Une exposition très dense à la hauteur d’une œuvre puissante,  d’une irréductible liberté, des débuts jouant à cache cache avec la censure, jusqu’à sa dernière, Temptation of Death de 2019. Une rétrospective importante qui brosse l’histoire d’une nation au passé douloureux dont l’artiste nous éclaire sur les prémisses de la lutte actuelle pour faire respecter son identité.

#Baptiste Le Guay

Pour aller plus loin sur Boris Mikhaïlov

Jusqu’au 15 janvier 2023, Maison Européenne de la Photographie (MEP). 5/7 rue de Fourcy, 75004 Paris.
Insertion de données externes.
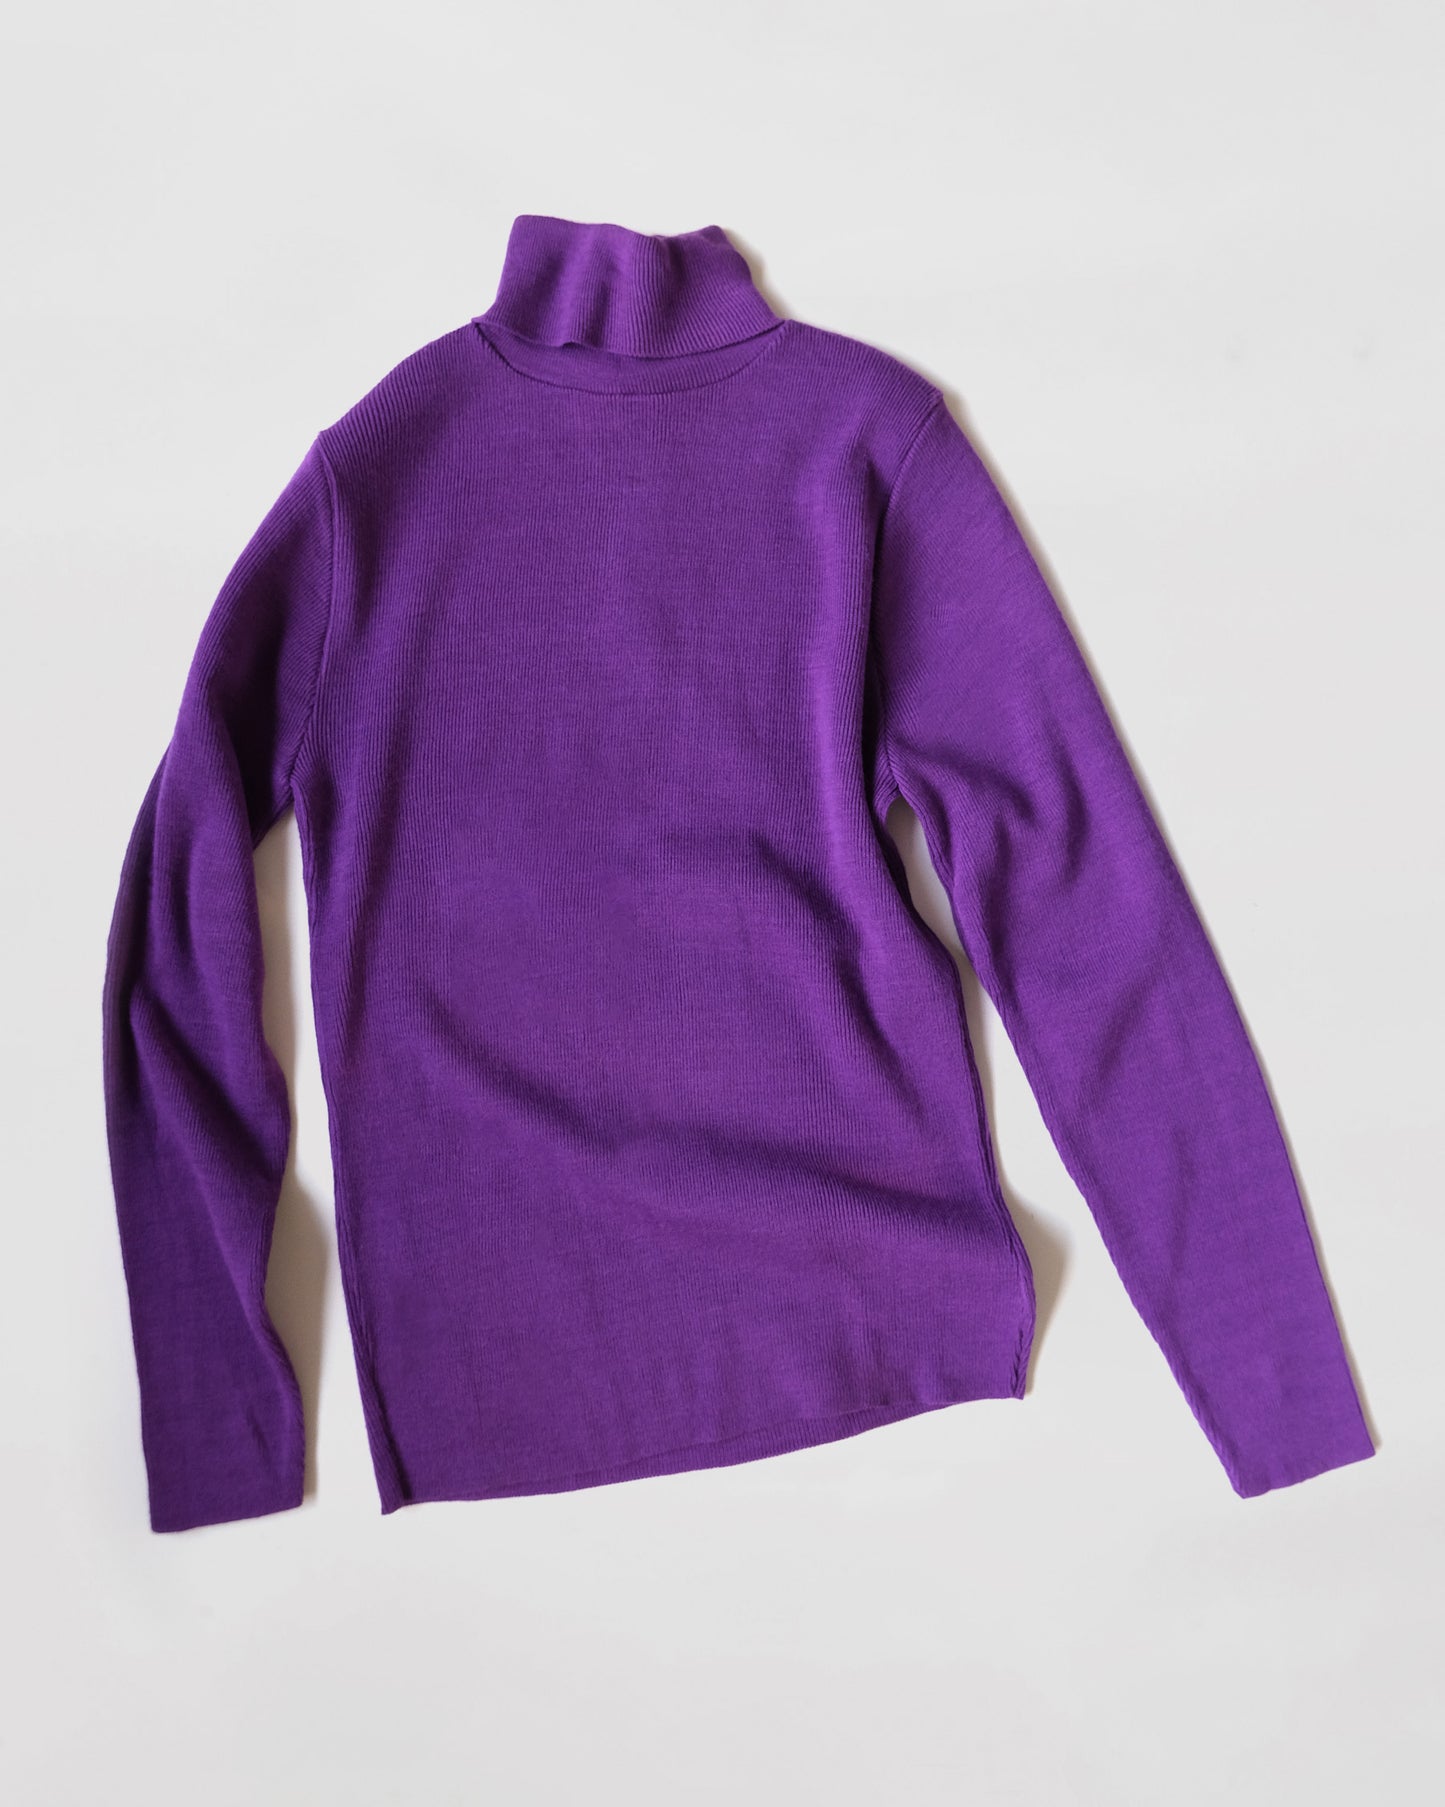 NOS Turtleneck Sweater with Back Zippier - Purple
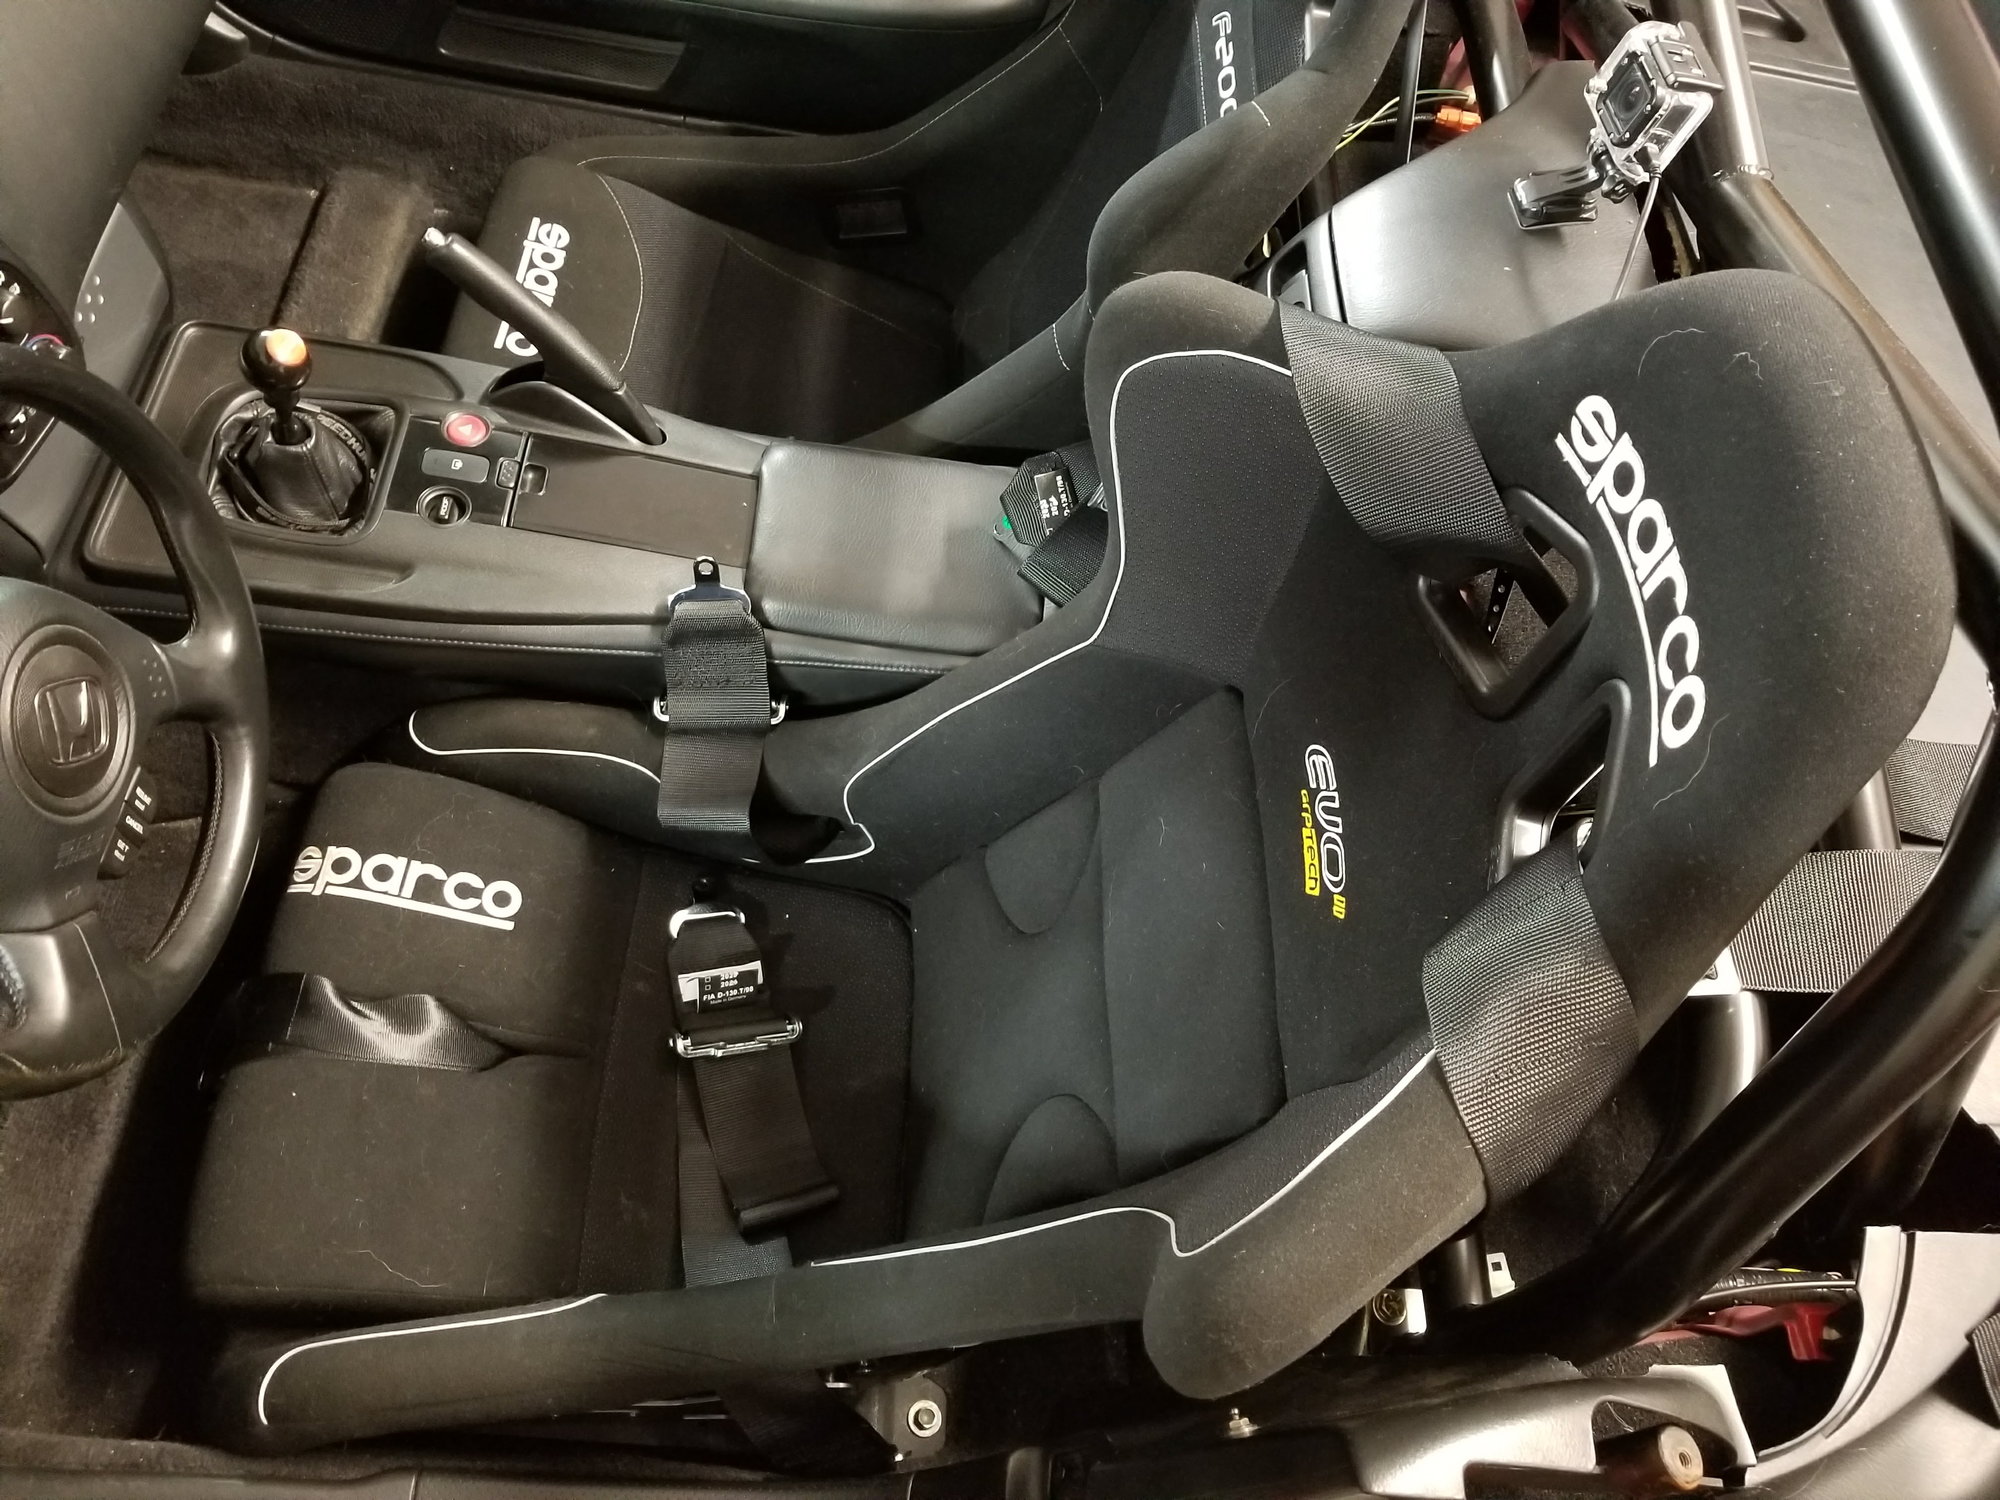 Sparco Evo2 Big Boy Seat installed - S2KI Honda S2000 Forums

Tél. : +33 (0)1 44 78 75 00

Catalogue bilingue : Boris Mikhaïlov, From « blaue horse » till now days 1965 – 2022, éditions Mörel /MEP, 576 p. 50€ : Le titre « blaue horse » évoque le groupe de jeunes gens à Kharkiv – appelé Cheval Bleu – emprisonnés pour leur mode de vie à l’occidentale au début des années 60. Les pièces à conviction retenues contre eux lors du procès étaient des clichés photographiques.
À la croisée du documentaire, de la performance et de l’art conceptuel, les « journaux intimes» de Mikhaïlov, séries de chroniques du quotidien en Ukraine avant et après la chute de l’URSS, rappellent la richesse d’une histoire et l’infinie résilience d’un peuple qui n’accepte pas que sa culture soit assimilée de force à celle de Russie.
Un témoignage sensible et unique aussi, sur le passé de celles et ceux qui, chaque jour, luttent pour leur vie et triomphent contre l’adversité.